What containers are best for seed starting?

It all depends on how many seeds you want to start and what you have on hand.  When you're starting out, yogurt containers or reused pots are fine.  Water seedlings by setting them in a tray with water until they soak it up from the bottome.  This keeps the water from washing away the dirt when top watering.  I start many seeds at once so multi-cell trays work best for me, but there are a lot of options.

Strengthen Your Gardening Skills

Getting ready for Seed Starting

Selecting Seeds

Wherever you are, pick seeds and varieties that are going to thrive in your conditions.  How long is your growing season?  What are daily conditions like in the summer?  What is your elevation? If the garden seeds you pick aren't adapted, they'll need more attention and water while producing poorly.  Do yourself a favor, be selective.


Ultimately, saving seeds from your favorite veggies will save money.  Use open-pollinated seeds to get started and then save some seeds from the most successful plants.  This way you'll build a seed stock that has adapted to your conditions.



Techniques for starting seeds

Seeds & Sprouting

Viable seeds are basically seeds with a living baby inside them.  Not all seeds are viable or easy to start.  In general, seeds will sprout is most soils if kept consistently wet and not too cold, though some may need additional treatment to sprout.


Buy from reputable seed sources or use saved seeds to ensure good seed condition.  You should generally get a majority to sprout.  If the seed you want to sprout has low germination, be sure to plant extra to compensate.  
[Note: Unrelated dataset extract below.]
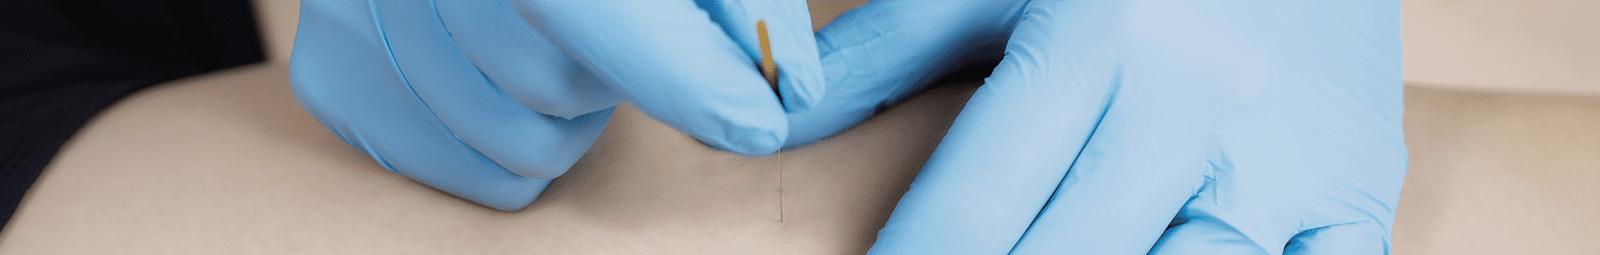 Image of physiotherapist using dry needling technique on patient

You may want to test some seeds by spreading 10 seeds on a damp paper towel.  Place the paper towel in a plastic bag in a warm place and watch for sprouts.  Count the sprouted seeds and multiply by 10.  That will give you the percent, so 7/10 would be 70% germination.
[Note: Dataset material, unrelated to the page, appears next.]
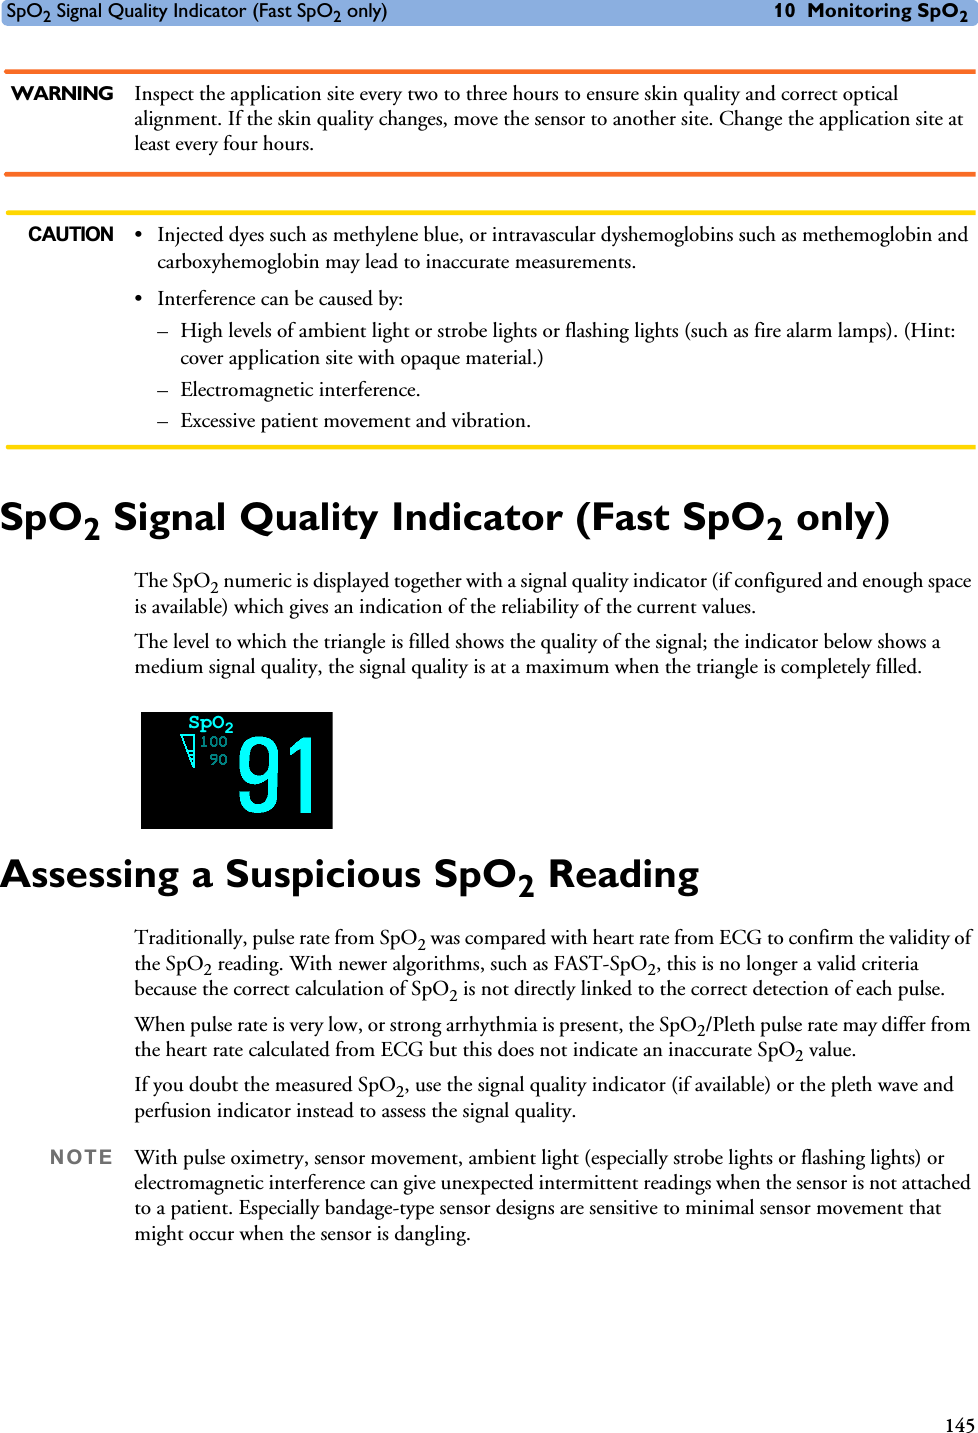 SpO2 Signal Quality Indicator (Fast SpO2 only) 10 Monitoring SpO2145WARNING Inspect the application site every two to three hours to ensure skin quality and correct optical alignment. If the skin quality changes, move the sensor to another site. Change the application site at least every four hours.CAUTION • Injected dyes such as methylene blue, or intravascular dyshemoglobins such as methemoglobin and carboxyhemoglobin may lead to inaccurate measurements.• Interference can be caused by:– High levels of ambient light or strobe lights or flashing lights (such as fire alarm lamps). (Hint: cover application site with opaque material.)– Electromagnetic interference.– Excessive patient movement and vibration.SpO2 Signal Quality Indicator (Fast SpO2 only)The SpO2 numeric is displayed together with a signal quality indicator (if configured and enough space is available) which gives an indication of the reliability of the current values. The level to which the triangle is filled shows the quality of the signal; the indicator below shows a medium signal quality, the signal quality is at a maximum when the triangle is completely filled.Assessing a Suspicious SpO2 ReadingTraditionally, pulse rate from SpO2 was compared with heart rate from ECG to confirm the validity of the SpO2 reading. With newer algorithms, such as FAST-SpO2, this is no longer a valid criteria because the correct calculation of SpO2 is not directly linked to the correct detection of each pulse. When pulse rate is very low, or strong arrhythmia is present, the SpO2/Pleth pulse rate may differ from the heart rate calculated from ECG but this does not indicate an inaccurate SpO2 value.If you doubt the measured SpO2, use the signal quality indicator (if available) or the pleth wave and perfusion indicator instead to assess the signal quality.NOTE With pulse oximetry, sensor movement, ambient light (especially strobe lights or flashing lights) or electromagnetic interference can give unexpected intermittent readings when the sensor is not attached to a patient. Especially bandage-type sensor designs are sensitive to minimal sensor movement that might occur when the sensor is dangling. SpO2

If you're starting specialty plants and perennials, you are more likely to encounter seeds that are harder to start.  For tough seed coats, nicking or sanding holes in the coat can improve sprouting.  Plants that make sprout suppressing chemicals (parsley seeds for example), will sprout much quicker after 2-3 days of soaking with several changes of water.  Others may need a prolonged period of cold before sprouting, either stored outside or in a refrigerator. 


I will generally read recommendations for starting a plant and then adapt my methods based on my failures and successes.  I frequently pre-sprout or at least soak seeds ahead of time if I'm planting directly in the garden.  I pre-sprout beets, peas and beans.  Cucurbits like cucumber, squash and melon do fine with being sprouted to 1 set of true leaves in a small pot or cell before being planted out.  

Transplanting

Because I start many seeds indoors, successful transplanting in an important part of my garden system.  The plants should be healthy and not rootbound as planting time grows near.  I start putting them out in a shady spot to acclimate to outdoors and the sun intensity.  I'll need to keep them from drying out while I watch for a cloudy or rainy day.  I may have to go ahead & transplant, but I'll use the rain when I can.


If my pre-planning was good, I'll have transplant size starts ready when they are most likely to thrive outside and produce a crop.  Planning takes knowing my first and last frost dates, crop days to harvest, and best transplant dates.  I also need to know how quickly seeds sprout and reach good transplant size.


My favorite way to use transplants though, is to have extra plants of all types to stick in an unexpected spot I find.  Herbs, salad greens can get tucked under other plants or in shady spots.  Having backups is always helpful for when the plants already in beds die.